We can visualize, or even ‘feel by immersion’, what would constitute a state of perfect health for us, and even better, we know exactly what to do to achieve it. The mind is healed, as well, if we are willing and able to put our attention on what needs to be transformed from the past. This may be a current situation formed in the past that must be addressed with love, or a matter of reviewing something we regret and healing it by rendering it powerless to make us feel guilt or to affect the now. Please note: this is not a license to indulge in Self-destructive behaviors from the past under the guise of attending to their healing. That’s not how any of this works.

(Chiron parallel Hygeia, Neptune nov Vesta, Mars parallel Pallas, Mercury trine Chiron, Sun nov SN)

Mandrake is also known as ‘The Devil’s Apples’ {{PD}}

Today’s word image is a mandrake root. The mandrake was believed to have magical properties, as the root often resembles a human. It has hallucinogenic potentials but is dangerously poisonous, as well. What rather ordinary thing in your life has been endowed with a magical aura because of associations you make–and what about it is so negative that, when you’re honest with yourself, you admit you really should eliminate it?

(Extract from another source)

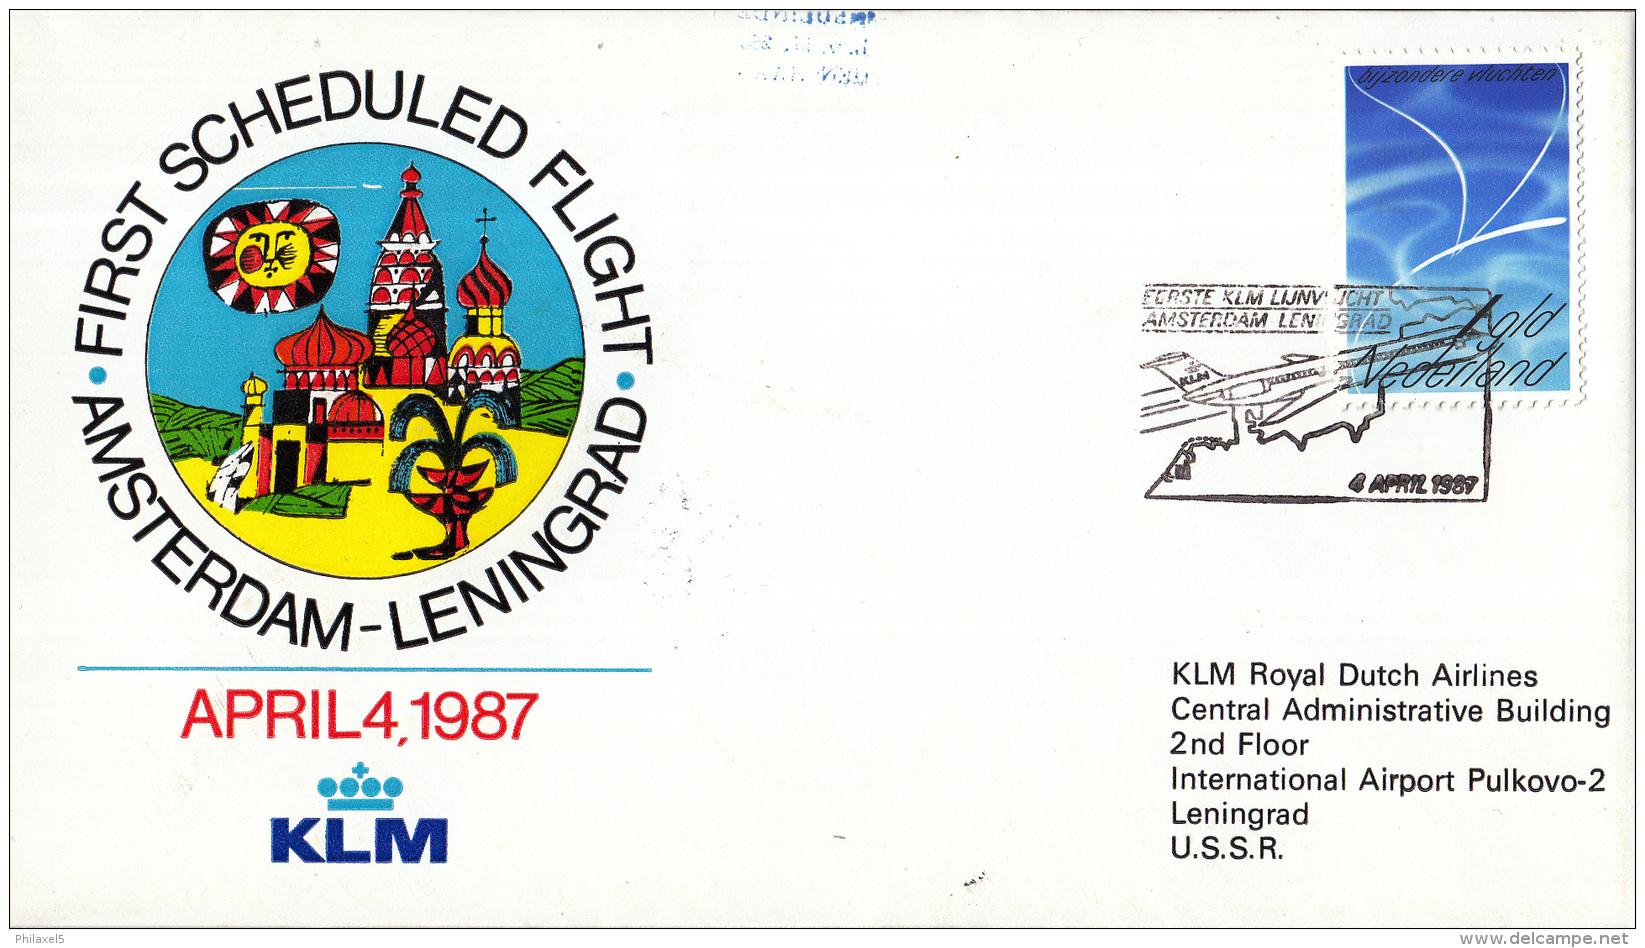 Nederland - 1ste Vlucht - 4 April 1987 - Amsterdam-Leningrad - Vl. Hol. 1080b - Marcofilie - EMA (Print Machine)
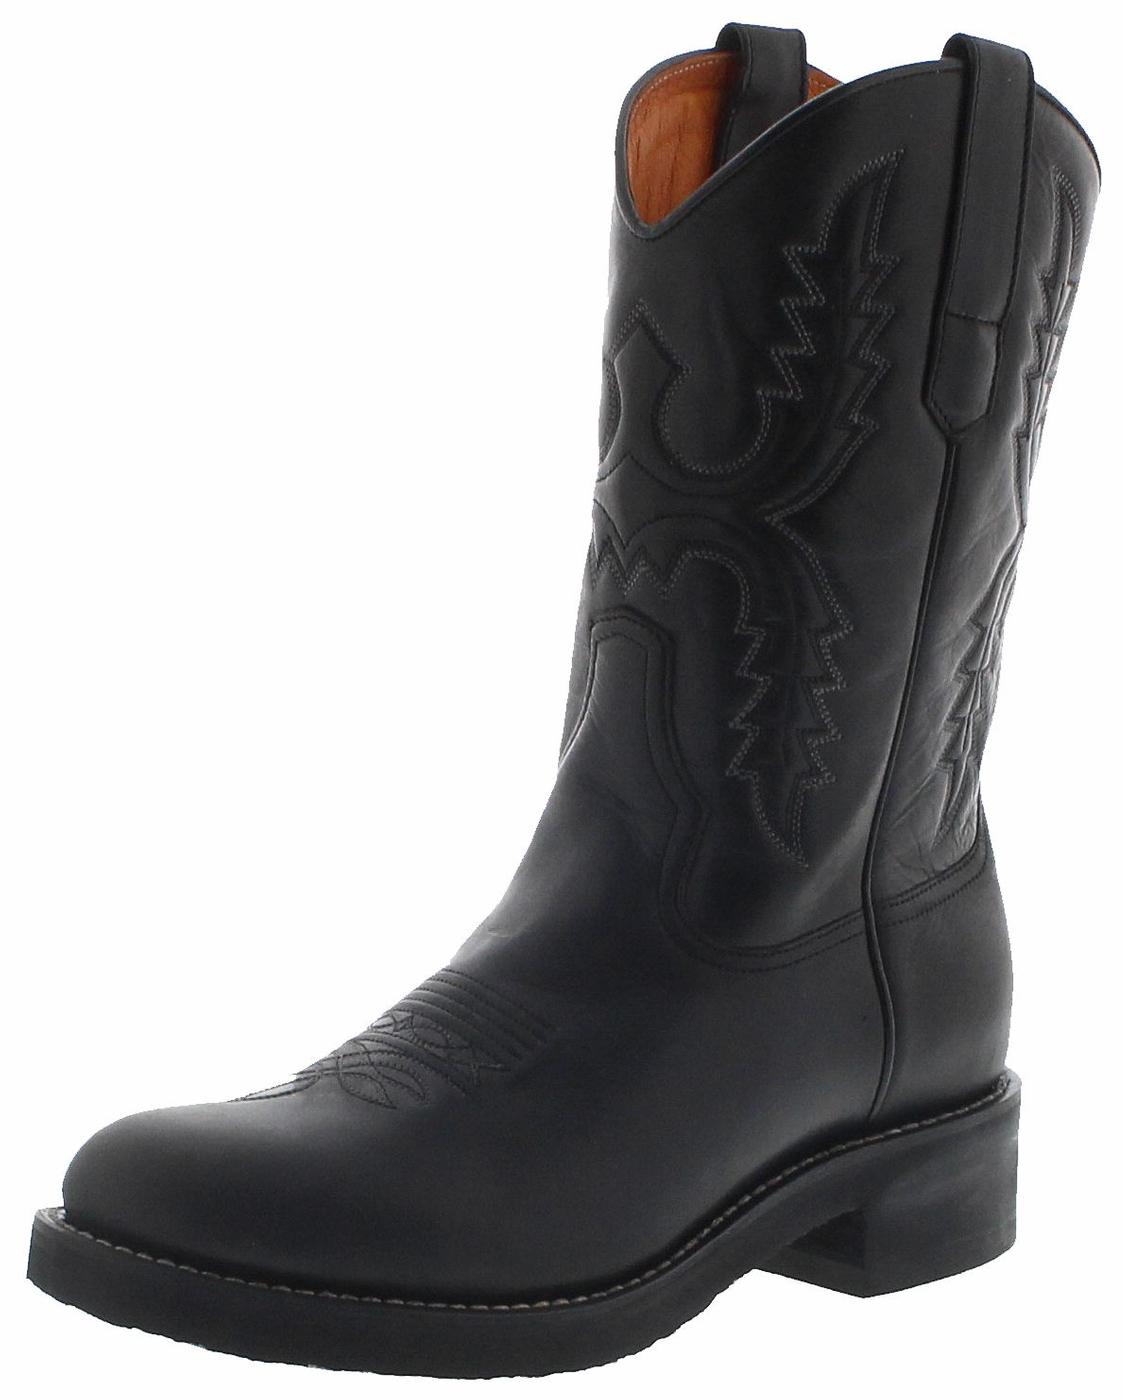 Sendra Boots 11615 Negro Mens Western Riding Boots - black

And now, one of my favorite poems:

Song By John Donne

Go and catch a falling star,

Get with child a mandrake root,

Tell me where all past years are,

Or who cleft the devil’s foot,

Teach me to hear mermaids singing,

Or to keep off envy’s stinging,

And find

What wind

Serves to advance an honest mind.

If thou be’st born to strange sights,

Things invisible to see,

Ride ten thousand days and nights,

Till age snow white hairs on thee,

Thou, when thou return’st, wilt tell me,

All strange wonders that befell thee,

And swear,

No where

Lives a woman true, and fair.

If thou find’st one, let me know,

Such a pilgrimage were sweet;

Yet do not, I would not go

Though at next door we might meet;

Though she were true, when you met her,

And last, till you write your letter,

Yet she

Will be

False, ere I come, to two, or three.